When the operator has explicitly approved recording the reward, Codex can close the durable loop in one CLI call:

loopx reward \
  --goal-id project-goal \
  --decision continue_route \
  --reward positive \
  --reason-summary "comparable validation improved and the route is worth extending" \
  --follow-up "promote to the next longer-window check" \
  --write-active-state-summary

The state write is opt-in. With --dry-run --write-active-state-summary, the command reports active_state_update.would_write=true but does not append the reward overlay or edit the active state. Without --write-active-state-summary, the command records only the run-bound reward overlay.

First-Screen Status

Use loopx status as the entrypoint for the next controller tick or UI refresh:

loopx --format json status
loopx status --scan-path README.md --scan-path docs/

The default contract scan uses the LoopX install root, so running status from a private project directory does not accidentally scan local .local state. Pass --scan-root or --scan-path for a project only when that path is intended to be public-safe.

For the React dashboard, serve that same status contract over loopback HTTP:

loopx serve-status --global-registry --port 8766 --limit 80

Then load http://127.0.0.1:8766/status.json from the dashboard source control. --global-registry keeps the multi-project dashboard on the shared registry even when the server is launched from a project checkout. For project-local debugging, omit the flag or pass an explicit project --registry. The command binds to 127.0.0.1 by default and is meant for local operator dashboards, not public hosting.

The same loopback server exposes POST /reward/dry-run so the dashboard can validate a selected goal/run reward draft. The dry-run response is compact and does not append to index.jsonl; it returns a preview_id for the exact goal/run/reward payload and current raw index count.

Direct dashboard reward submission is an explicit opt-in capability. Start the status server with --enable-reward-write-api to expose POST /reward/append on loopback only. The dashboard can then submit the dry-run preview_id; a successful append writes one run-bound human_reward overlay and refreshes status, so future project agents can discover the feedback through loopx status or loopx history.

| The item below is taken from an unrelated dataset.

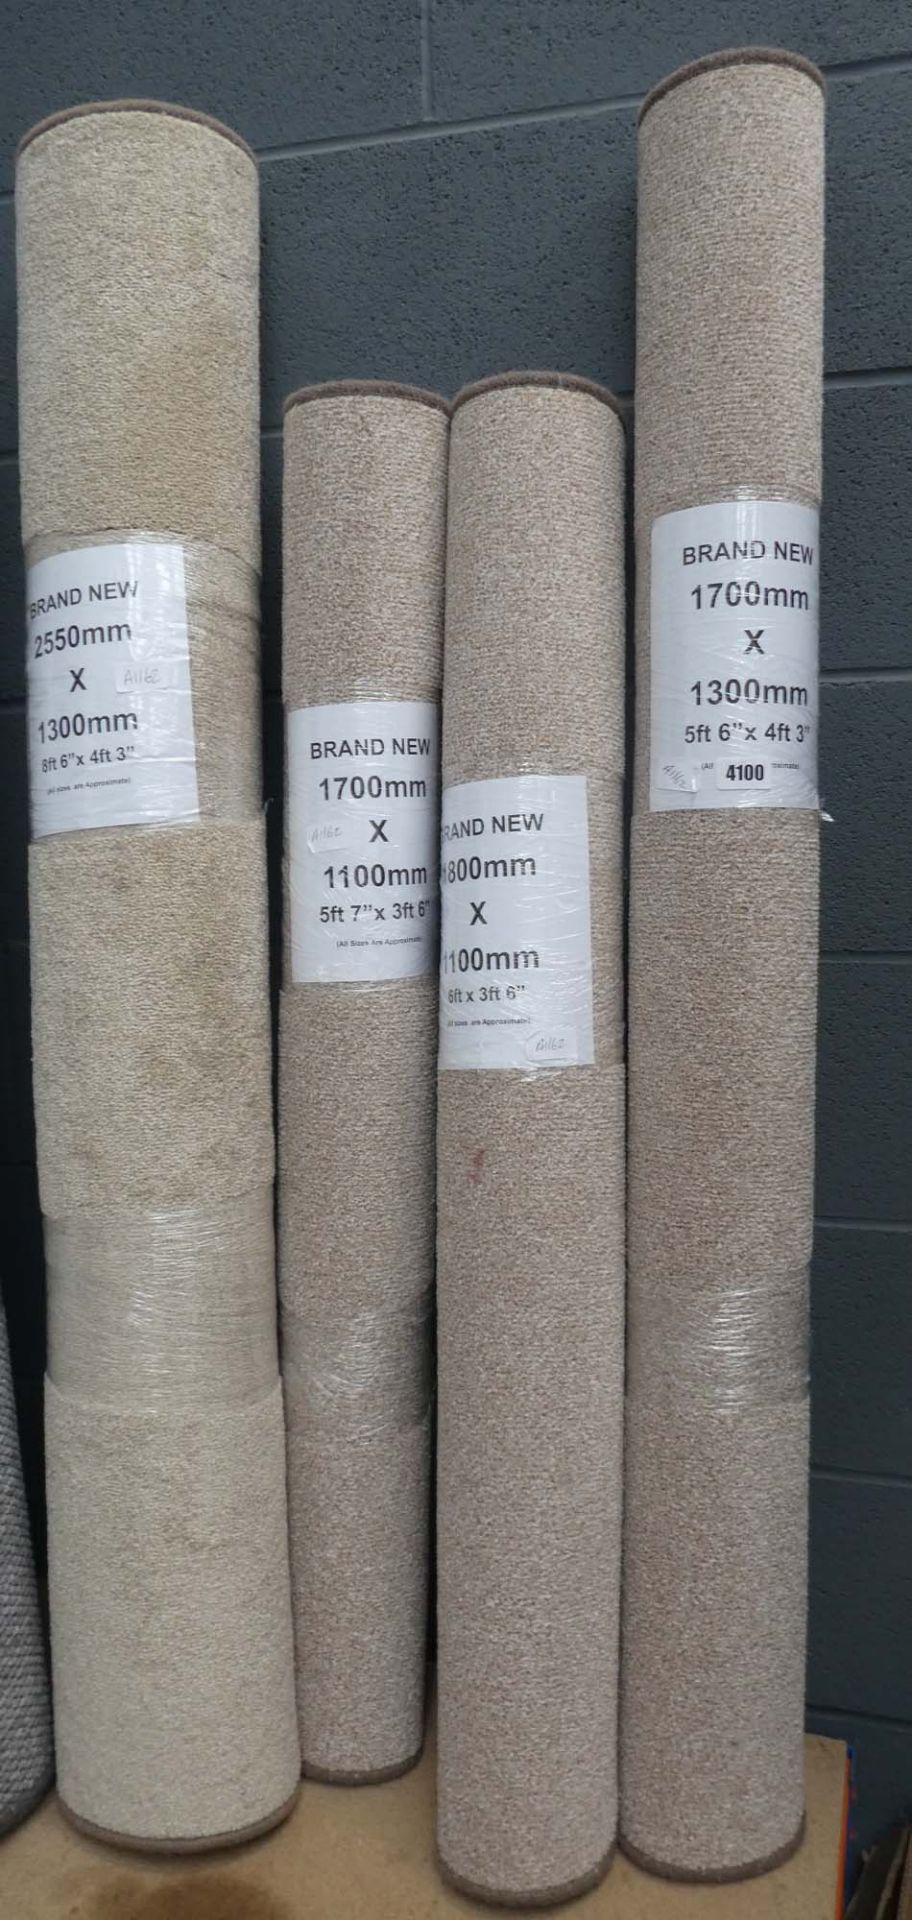 4101 4 beige rolls of carpet mats in various sizes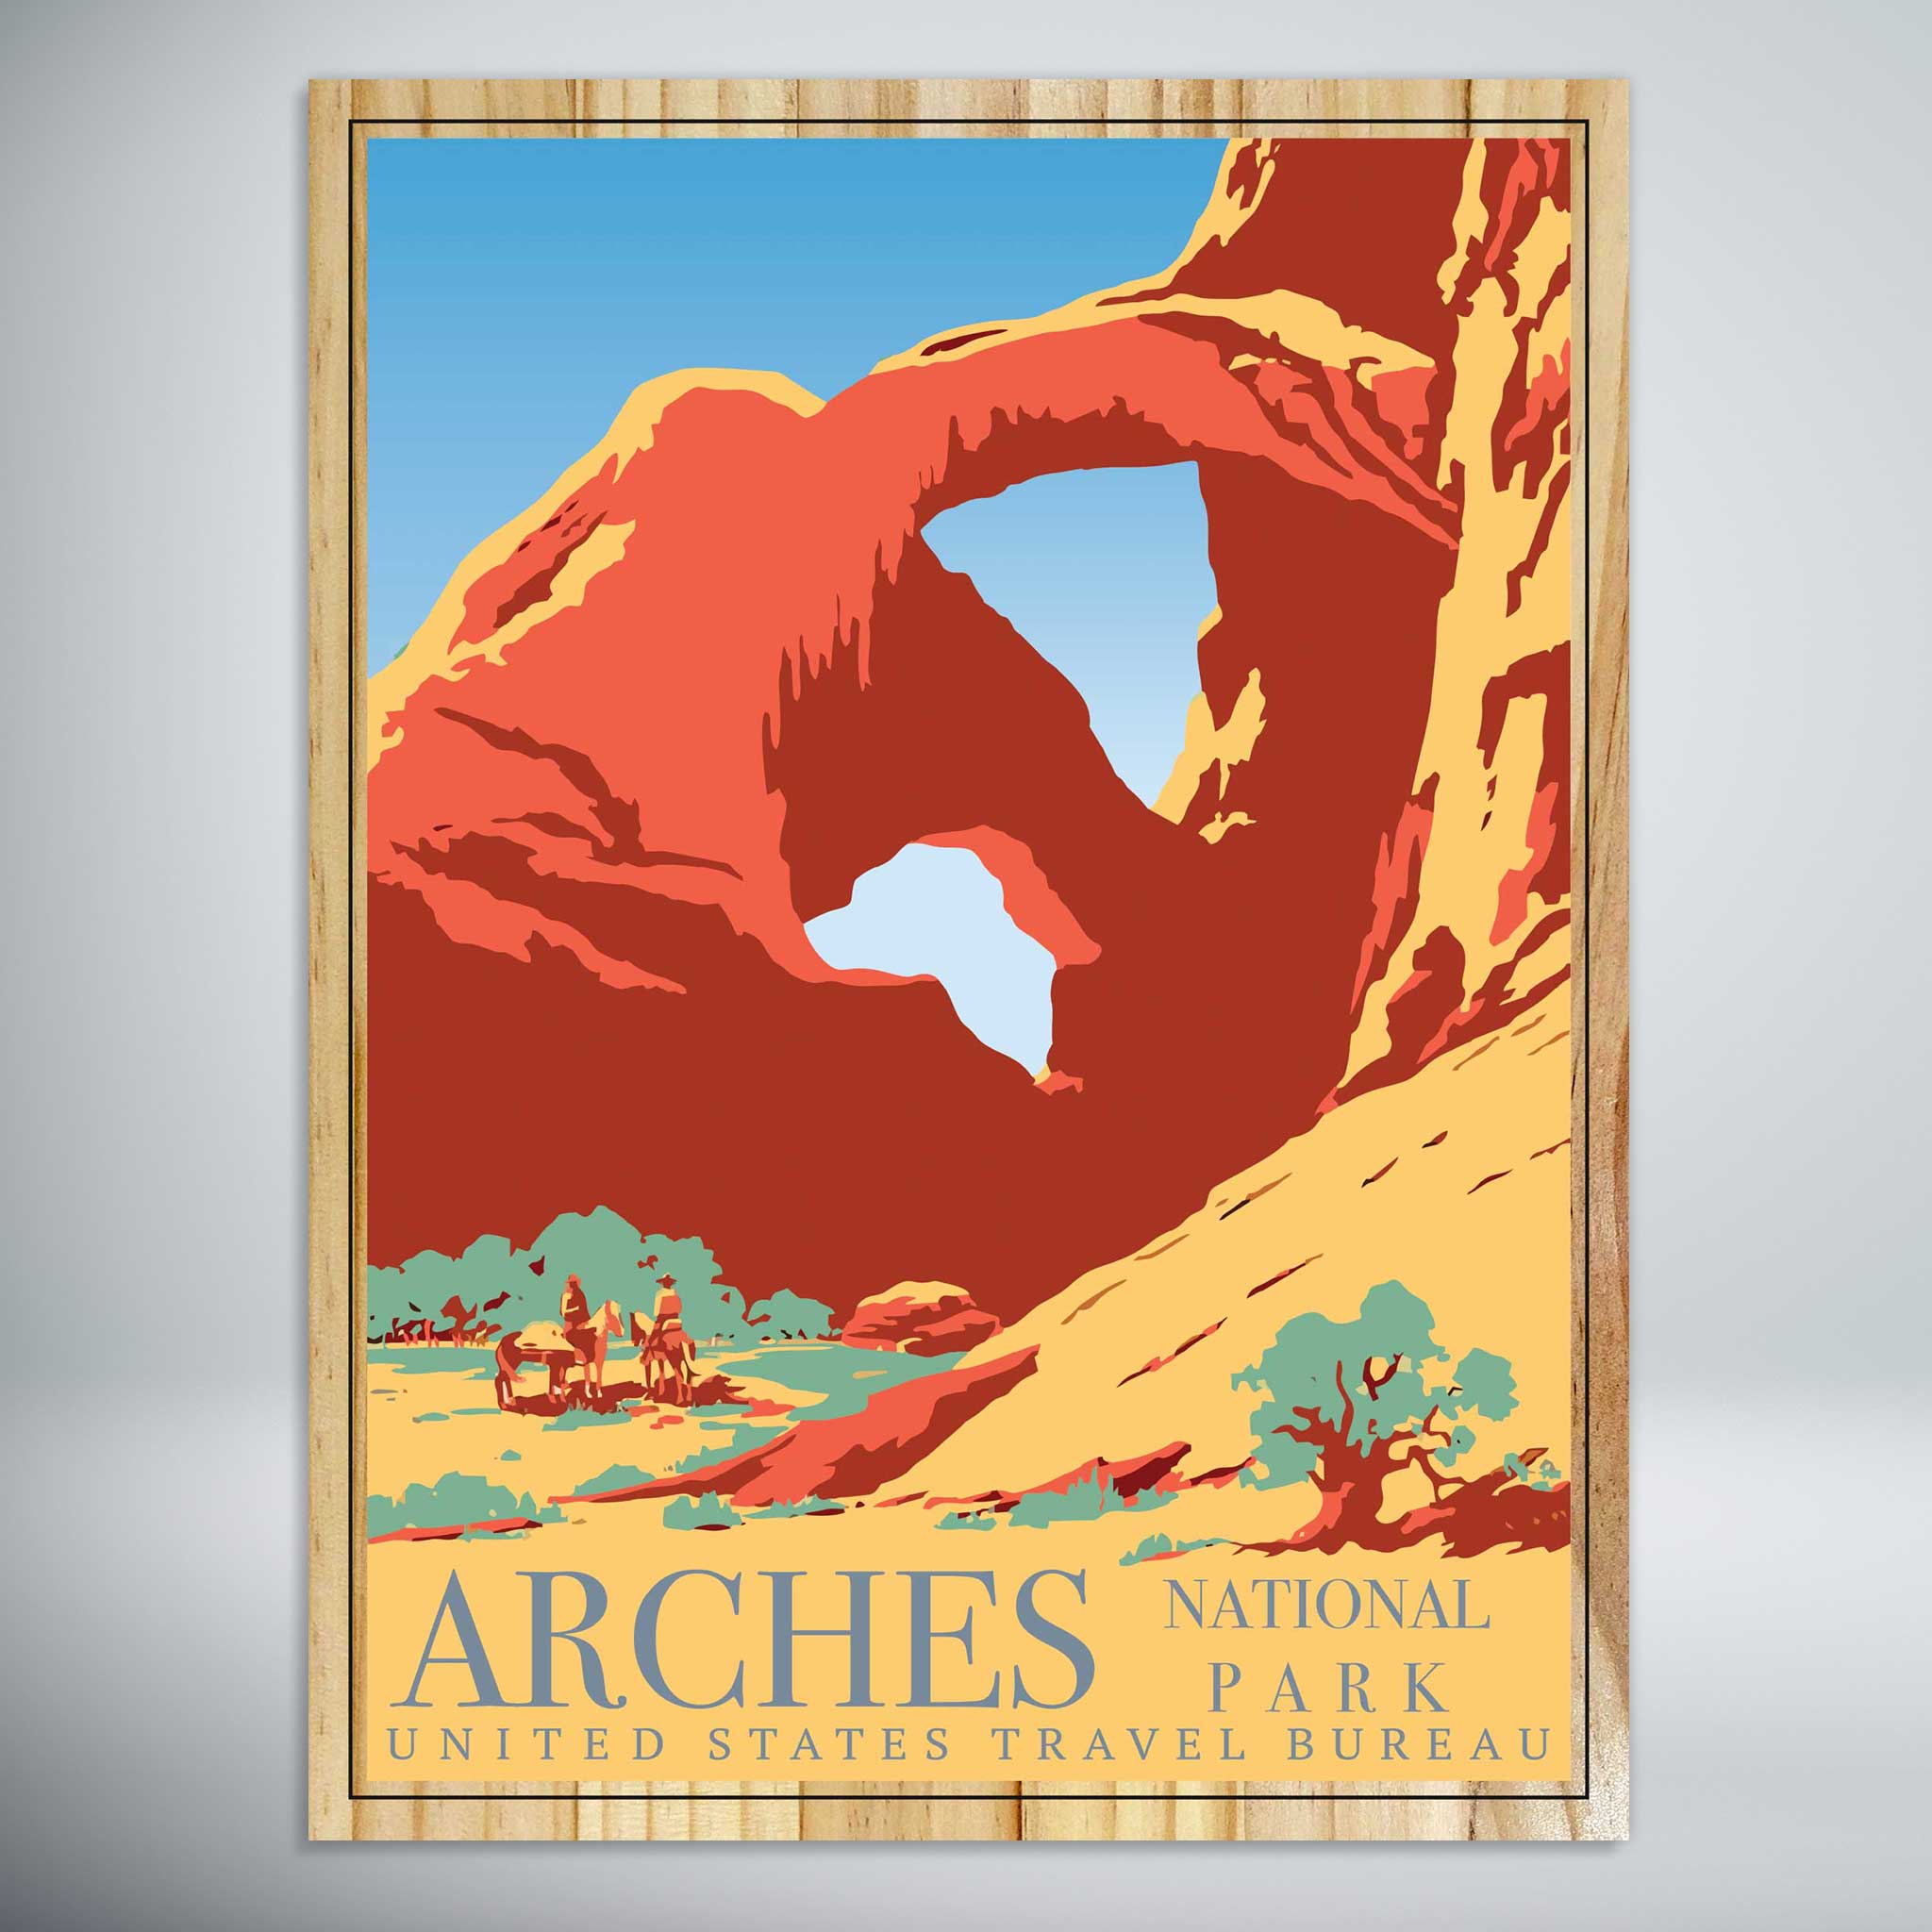 Arches National Park Vintage Travel Poster

The status command combines contract health and run history into an attention queue. Each queue item says which goal needs attention, who it is waiting on, how severe the item is, and exactly one recommended action.

For dashboards, heartbeat summaries, or any script that reads JSON output, use the status data contract.

Keep adapter output sanitized before it enters the compact index. The status queue is meant for control-plane display, not for raw private evidence.

Public Repo vs Project Repo

Put generic code here:

  • registry and history readers,
  • contract checker,
  • generic schema and docs,
  • sanitized adapter examples,
  • controller/sub-agent lifecycle examples.

Keep in the project repo:

  • project-specific adapter code,
  • active goal state,
  • private registry,
  • domain-specific health checks.

This split lets many local projects share one stable LoopX base while keeping their real evidence and safety policies local.